The ZenFone AR — the latest addition to Asus’ ZenFone line of smartphones — is the “thinnest” and “lightest” device to support Tango, a feat made possible by Asus’s proprietary TriCam system: A 23-megapixel PixelMaster 3.0 primary camera, a motion-tracking camera, and an infrared camera in a configuration that “reduces their footprint within the phone.”

Some of those same sensors enable support for Daydream, Google’s virtual reality environment. It’s the spiritual successor to Google’s debut VR effort, Google Cardboard, but far more holistic in scope: it consists of three components; a headset, a motion controller, and a suite of virtual reality apps including HBO, YouTube, Hulu, Gunjack, Hunters Gate, and more.

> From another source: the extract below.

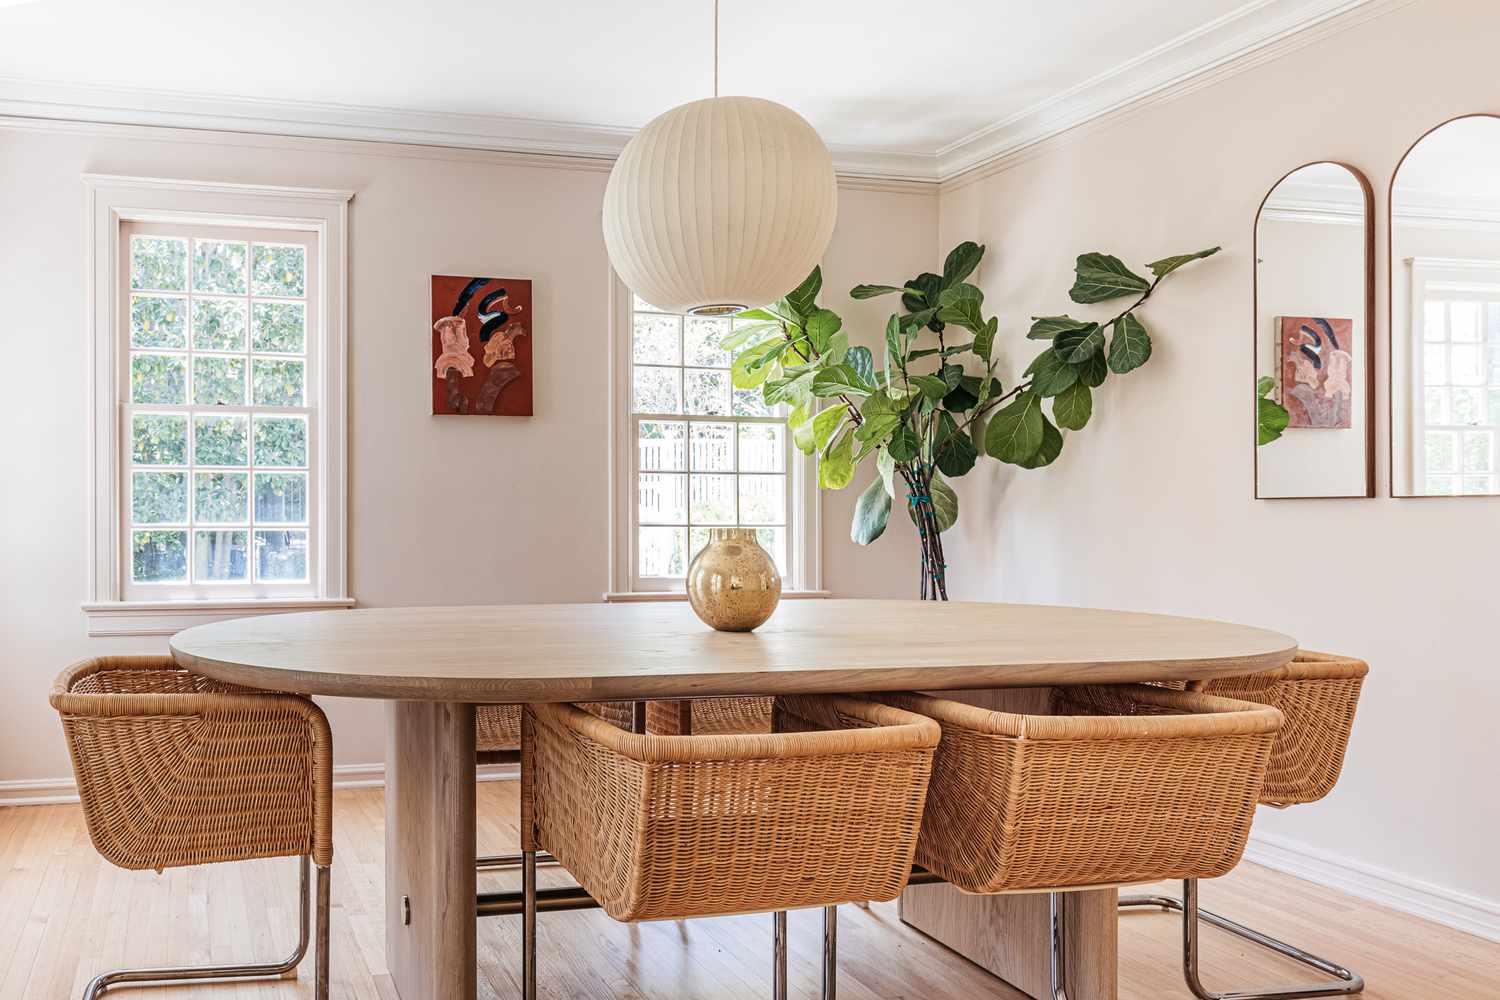 Esszimmer mit in neutralem Beige gestrichenen Wänden, ovalem Tisch und Korbstühlen in der Mitte

It’s worth noting that not all of those components come in the box. Prospective buyers will need to shell out for a Daydream-compatible virtual reality headset like Google’s Daydream View. Rumor has it that the company’s working on an self-contained augmented reality headset with Tango-like tracking technology, but it’s unclear whether it’ll interface with the ZenFone AR.

The rest of the ZenFone AR’s hardware isn’t anything to scoff at. It packs Qualcomm’s Tango-optimized Snapdragon 821 and Adreno 530 graphics card — not the silicon behemoth’s latest processor, granted (that’s the Snapdragon 835), but one that Qualcomm guarantees delivers “VR with high-resolution display, ultra-smooth graphics and high-fidelity sensors for precise head tracking.” And it sports a massive 8GB of RAM (a world’s first), a 5.7-inch WQHD (2,560 x 1,440 pixels) Super AMOLED screen, and a powerful five-magnet speaker system.

Cooling all that hardware is a vapor-cooling system which Asus says enables the CPU and GPU to work “more efficiently,” and delivers “enhanced performance to prevent overheating.”

New Tango apps

The ZenFone AR is launching alongside new augmented reality experiences from Asus.

The smartphone maker partnered with Gap to develop Dressing Room, an augmented reality experience that lets users “try on” the clothing retailer’s latest fashions. And it teamed up with BMW to develop the i Visualizer, a Tango-enabled app that allows users to configure, customize, and walk around BMW’s i3 and i8 cars in a digital environment.

The BMW app is launching in select BMW dealerships in the U.S., U.K., Germany, Norway, Spain, Italy, Poland, Belgium, Netherlands, China, and Japan in the coming weeks. Later this year, it will become more broadly available from the Google Play store.

“In our initial tests, as people entered the car virtually in the app, we saw them ducking down, as if there were really a roof there for them to bang their heads on. It’s a level of detail which means this technology offers the customers real added value,” BMW’s group vice president of sales strategy and future retail said in a press release. “You can list out a car’s features on a sheet of paper or a webpage, but this doesn’t help customers with the emotional connection […] Videos can help, but Tango gives people a much more immersive experience.”